**Given data:**
···

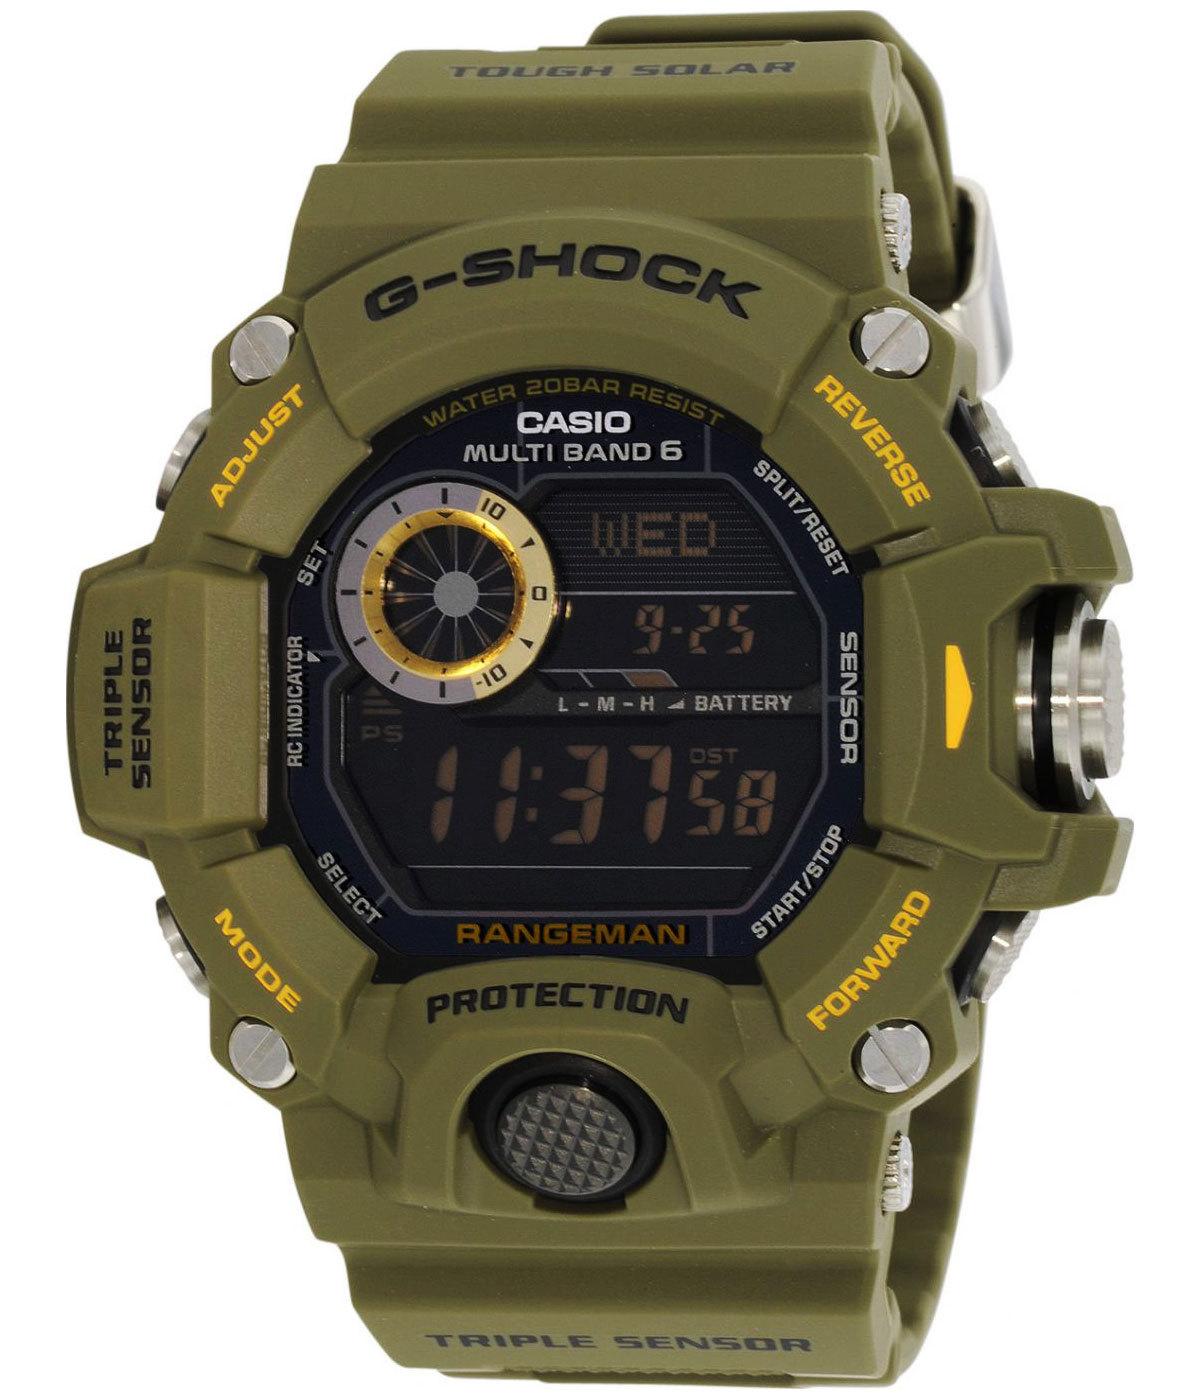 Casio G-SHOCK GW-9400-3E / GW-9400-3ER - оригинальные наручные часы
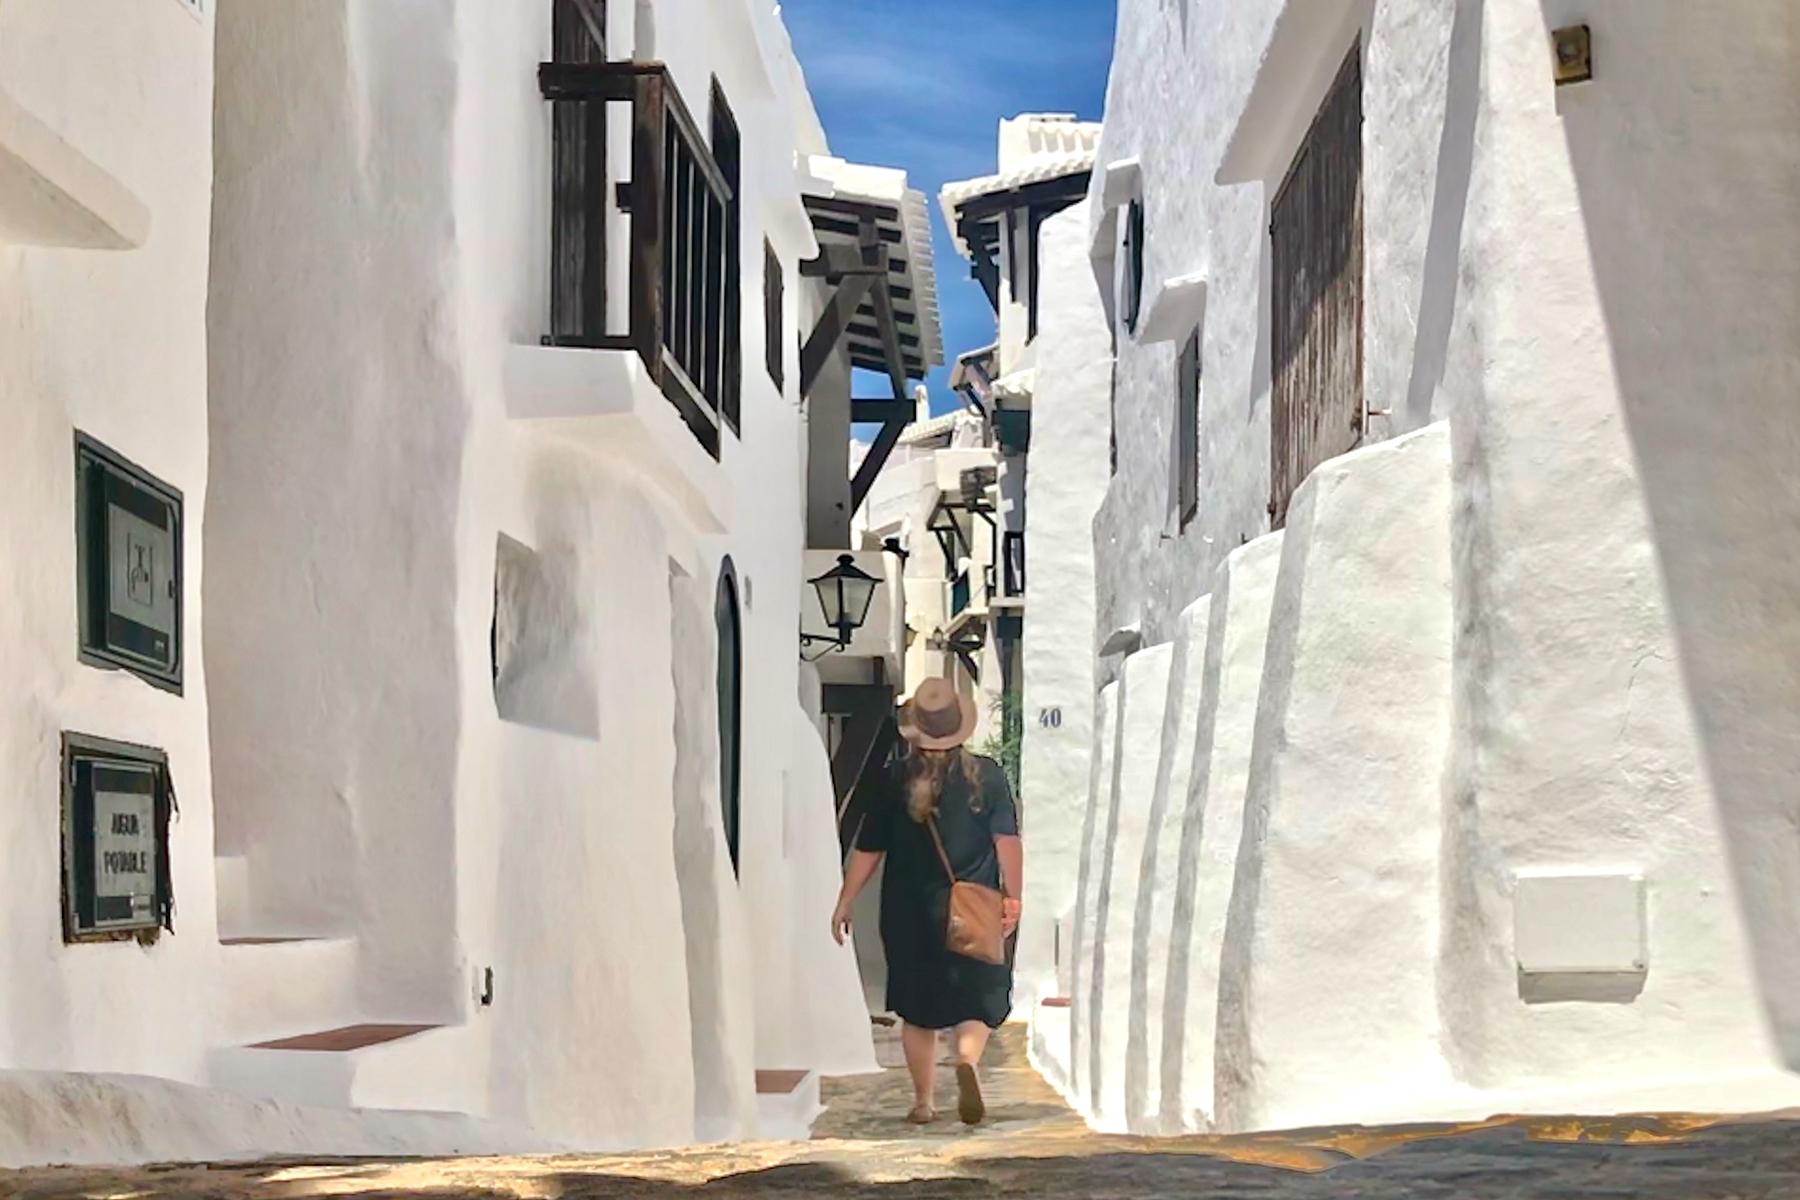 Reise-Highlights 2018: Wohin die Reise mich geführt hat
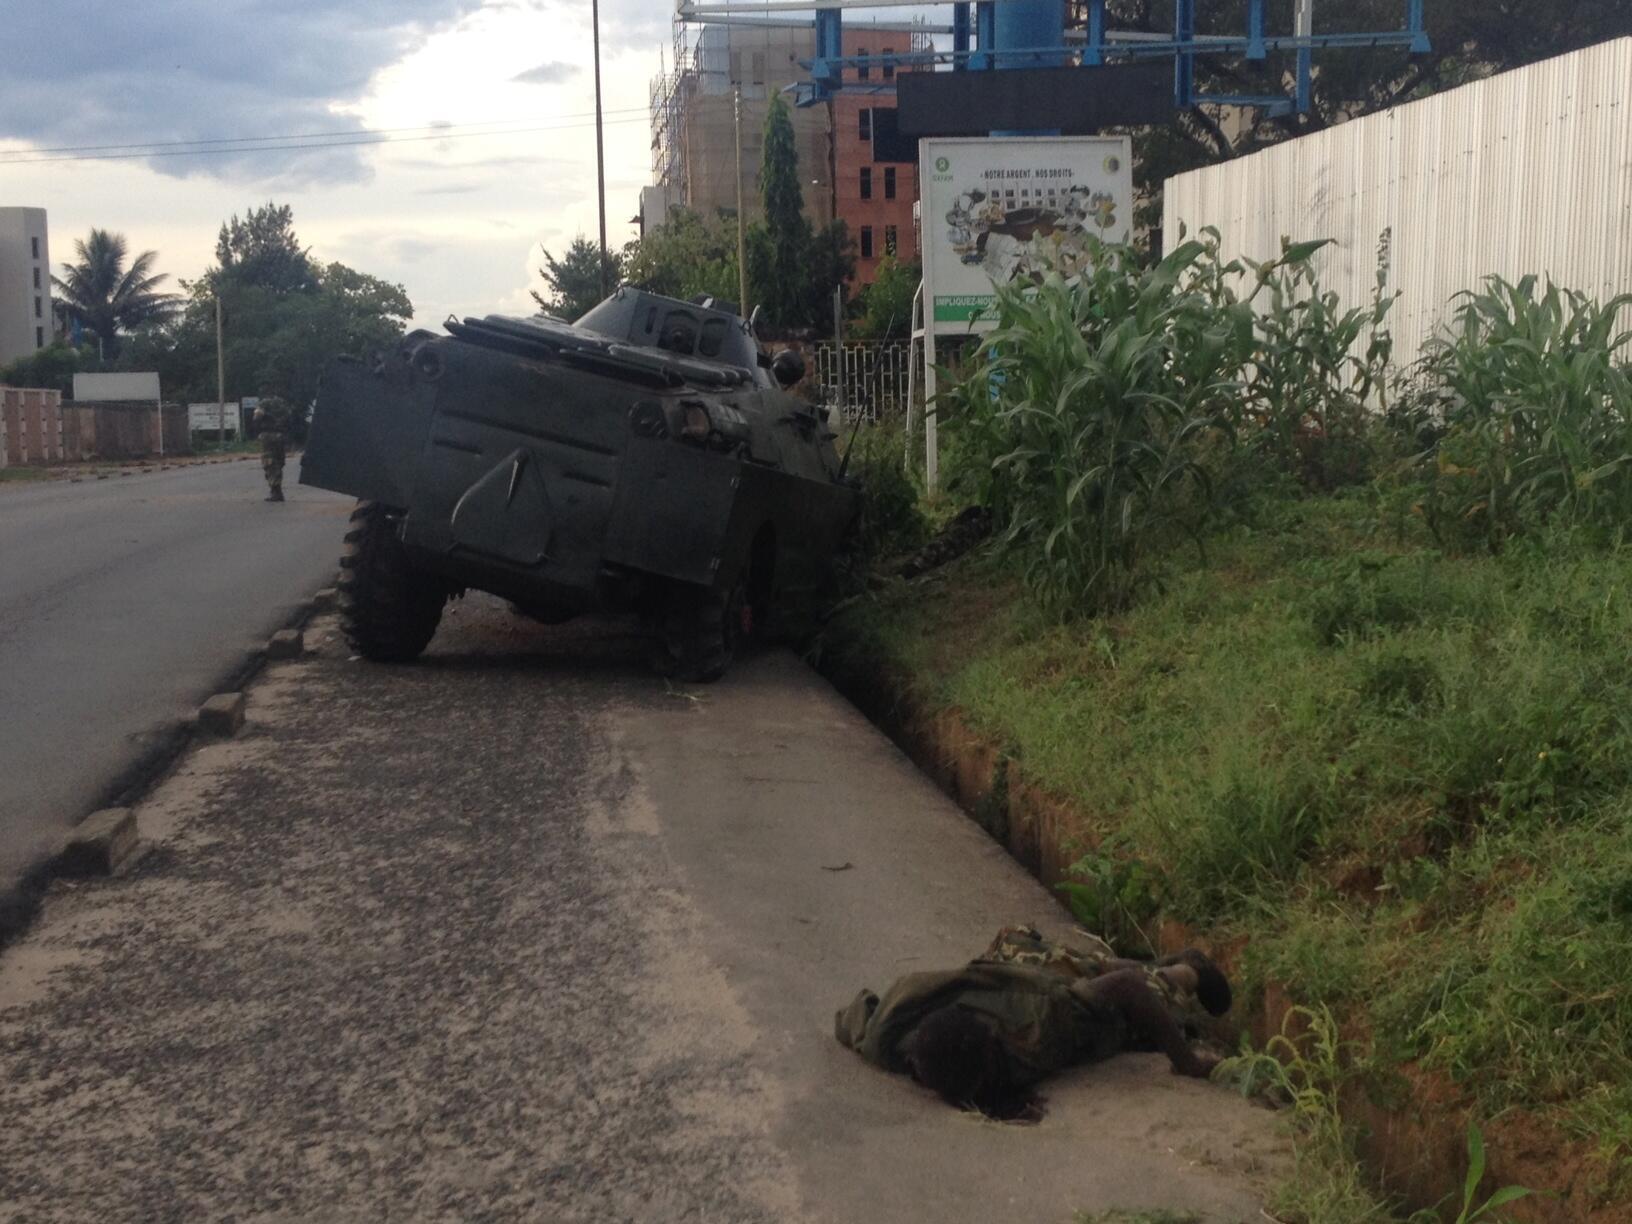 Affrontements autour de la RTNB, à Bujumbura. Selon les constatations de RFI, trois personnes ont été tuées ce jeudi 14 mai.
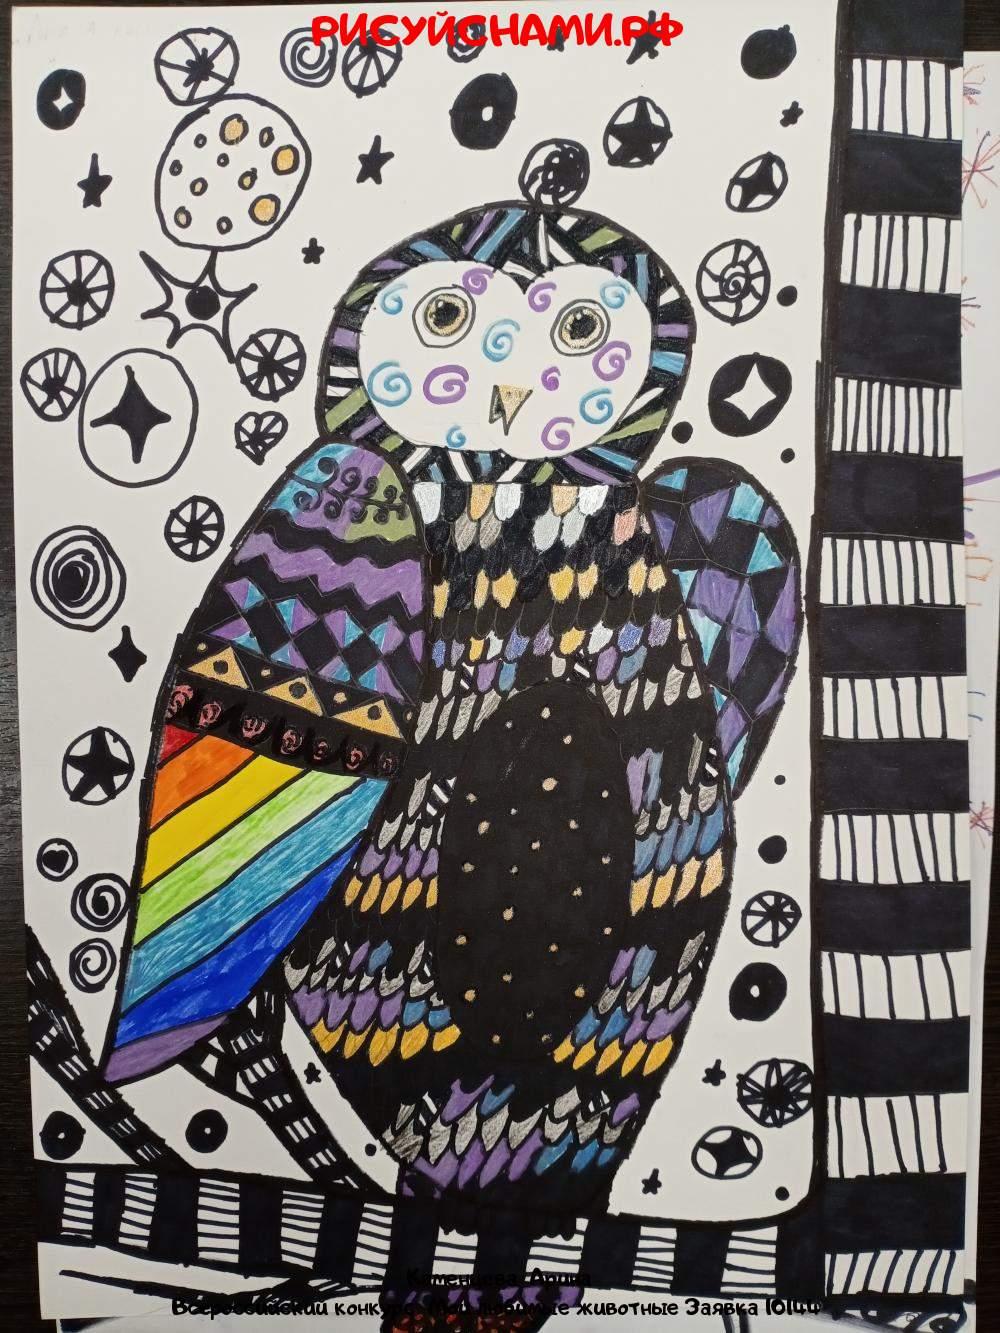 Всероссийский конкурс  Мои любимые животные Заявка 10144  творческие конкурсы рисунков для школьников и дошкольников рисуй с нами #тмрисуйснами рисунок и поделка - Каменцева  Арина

···

**Assigned task:** Print the whole listing again exactly, please. No pictures.

**Solution:**
 Casio G-SHOCK GW-9400-3E / GW-9400-3ER - оригинальные наручные часы
 Reise-Highlights 2018: Wohin die Reise mich geführt hat
 Affrontements autour de la RTNB, à Bujumbura. Selon les constatations de RFI, trois personnes ont été tuées ce jeudi 14 mai.
 Всероссийский конкурс  Мои любимые животные Заявка 10144  творческие конкурсы рисунков для школьников и дошкольников рисуй с нами #тмрисуйснами рисунок и поделка - Каменцева  Арина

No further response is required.